**WORK TO BE COMPLETED**.
Below are lines of records; copy exactly those from the one containing "Jacques Lemans schwarz" through the one containing "Masonic Symbols In Logos", leaving the pictures behind.

**THE RECORDS**.
------------------------------------

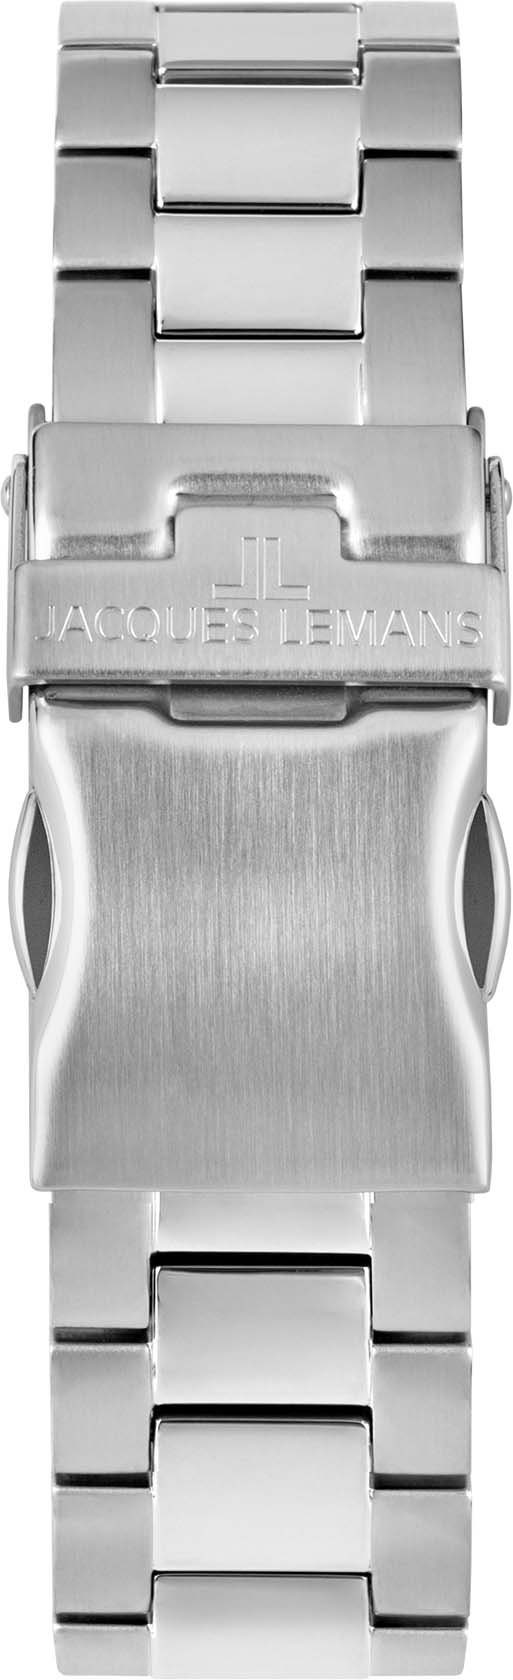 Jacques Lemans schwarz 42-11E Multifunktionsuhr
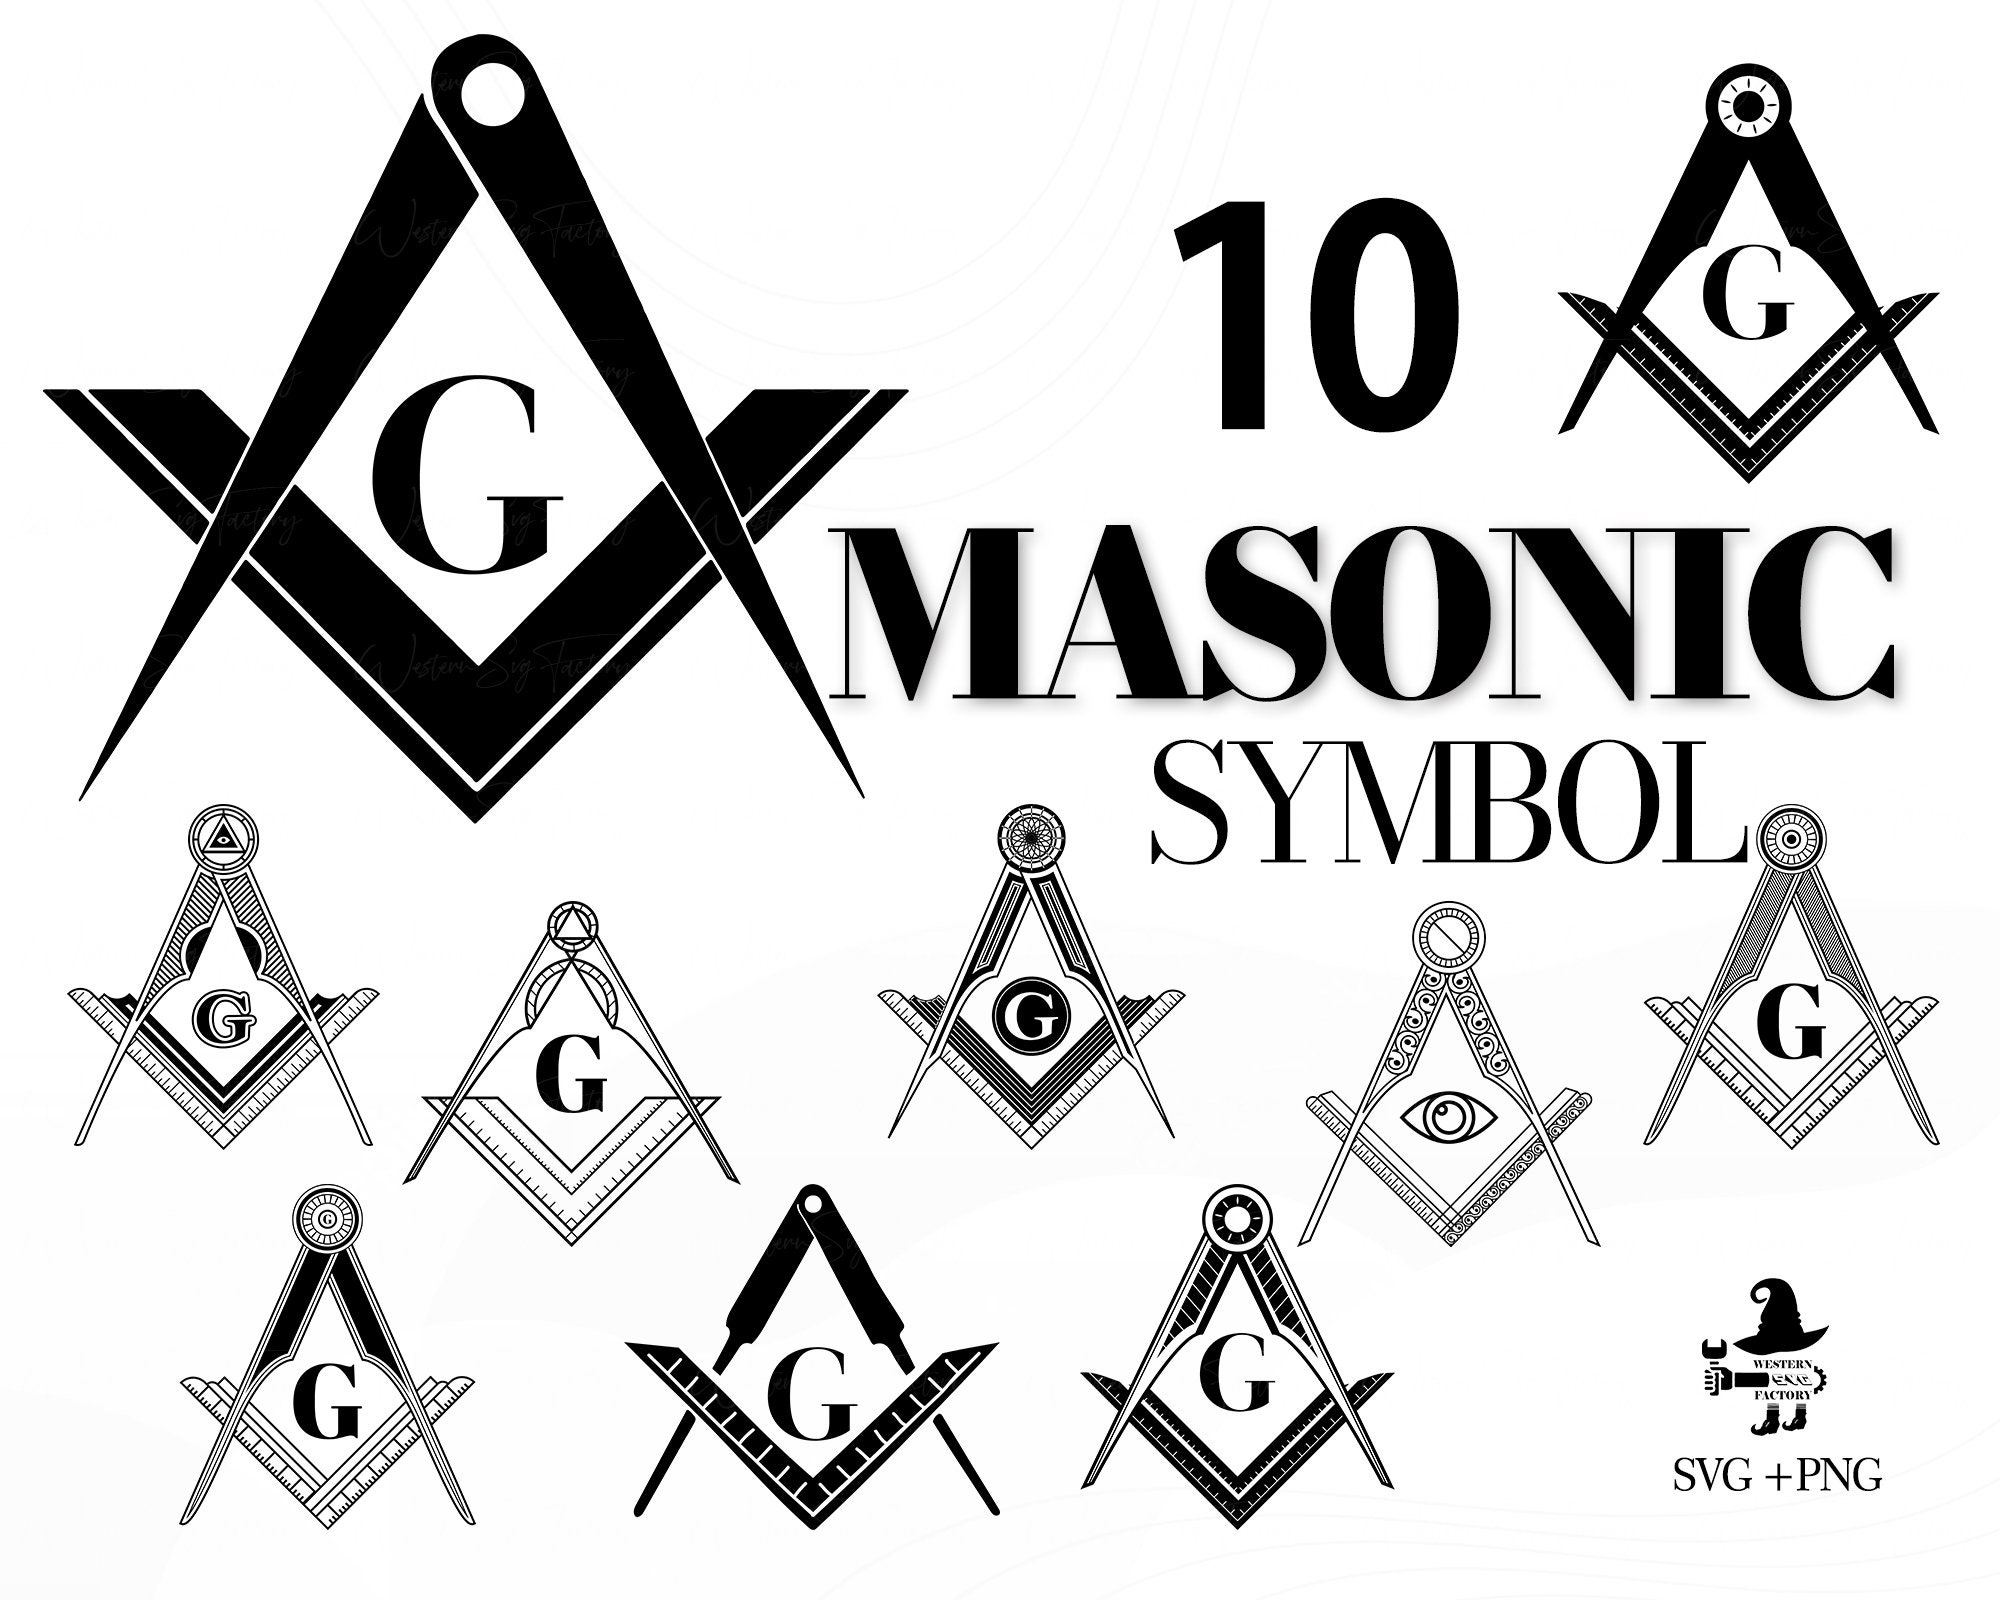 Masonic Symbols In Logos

------------------------------------

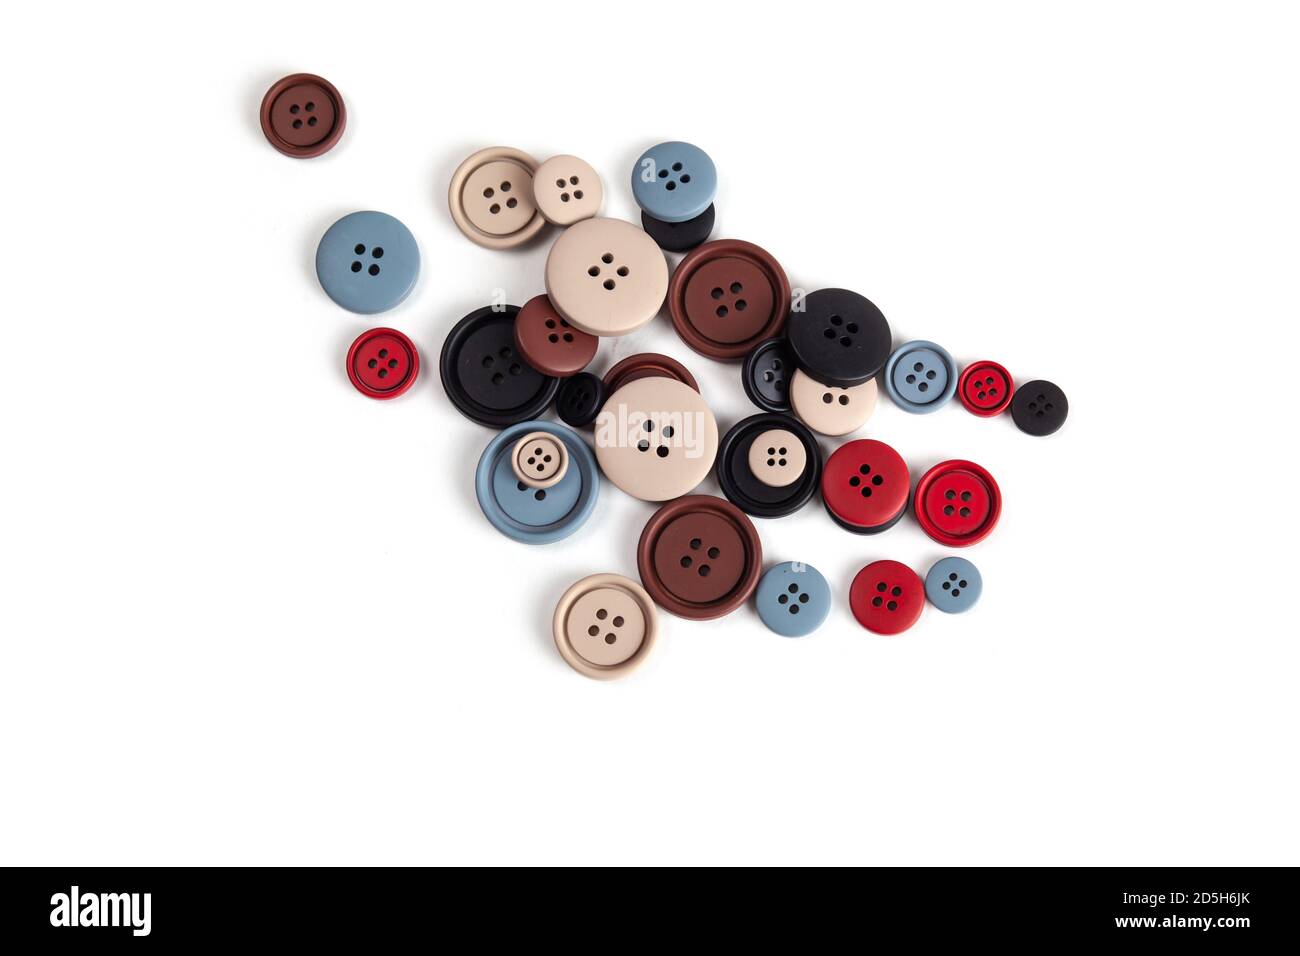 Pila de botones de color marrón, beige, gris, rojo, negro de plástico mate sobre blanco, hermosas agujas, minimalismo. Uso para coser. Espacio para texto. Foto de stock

------------------------------------

**WRITTEN SOLUTION**.
 Jacques Lemans schwarz 42-11E Multifunktionsuhr
 Masonic Symbols In Logos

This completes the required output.